[lbo-talk] Renunciation and revolt

Wojtek Sokolowski sokol at jhu.edu
Fri Apr 18 07:48:33 PDT 2003



> Wojtek suggested:
> "A belief that people will renouce "capitalism" (i.e. the way
> of life as they know it) for some abstract good (no matter
> how attractive) if they hear a magic word is a pipe dream.
> They will revolt or renounce only if
> (1) they cannot continue their way of life anymore, and (2)
> they think that an alternative for the better will cost them
> next to nothing."
>
> These are not independent of one another. If you cannot
> continue your way of life anymore, then you are forced, one
> way or another, to take on board the transition costs to a
> different way of life.

Not necessarily - one can REACT to change tryingto tunrn the clock back. The fascist movement or islamic fundamentalism are good examples. I think that the Russian revolutionaries were well aware of the possibility that the peasant masses can turned to be a reactionary rather than a revolutionary force, which is why they executed the tsar with his entire family - to deprive the reactionary road of its beacon.

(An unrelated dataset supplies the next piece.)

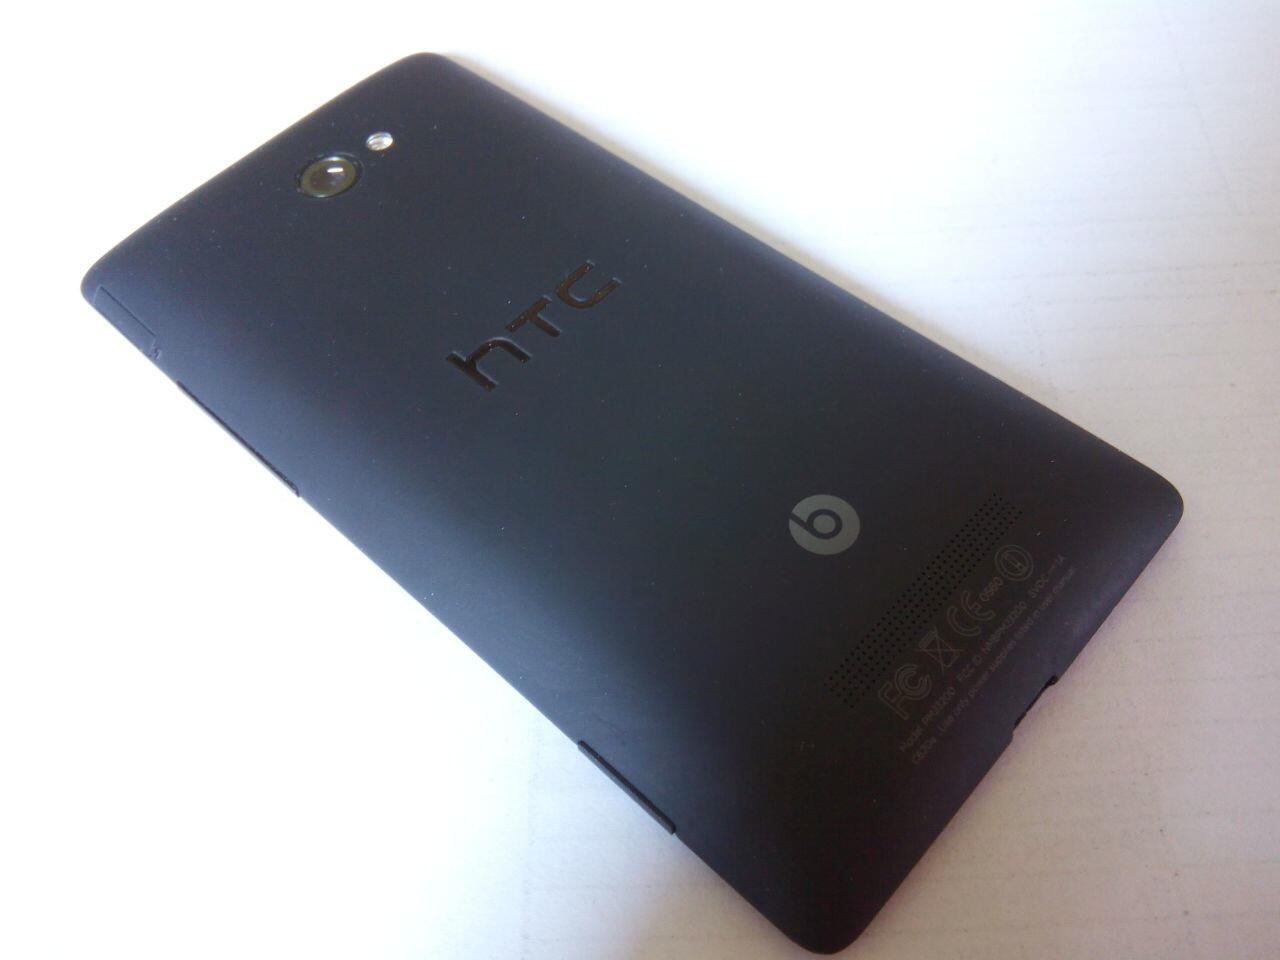 HTC 8x Windows 8.1 BBM Ready Semarang (pesaing Lumia 920)

This is warmed-over Skocpol, anyway -
> why not just present her original argument (in simplified form)?

Because I do not think anyone "owns" an argument, especially one that has been around for a while in various versions (cf. Barrington Moore). Besides, I think that social sciences are turning into citology aka names dropping - which I absolutely despise, because it gives people who otherwise have nothing to say an aura of respectablility.


> (2) If we can identify that class, how do we foster the
> structures of cooperation BEFORE the emergence of a
> revolutionary situation that will make that class more able
> to act in a revolutionary situation?

I do not think that this is the most presing problem facing any meaningful social change in this country. Recruiting a bunch of riff raff to do the dirty work has never been a problem in this country - who said that he can hire half of the working class to kill the other half? Or that the best way to solve the race problem in this country is to let the Irish lynch the Negroes and then hang them for murder?

The problem is the lack of institutional and economic forces to sponsor such a change.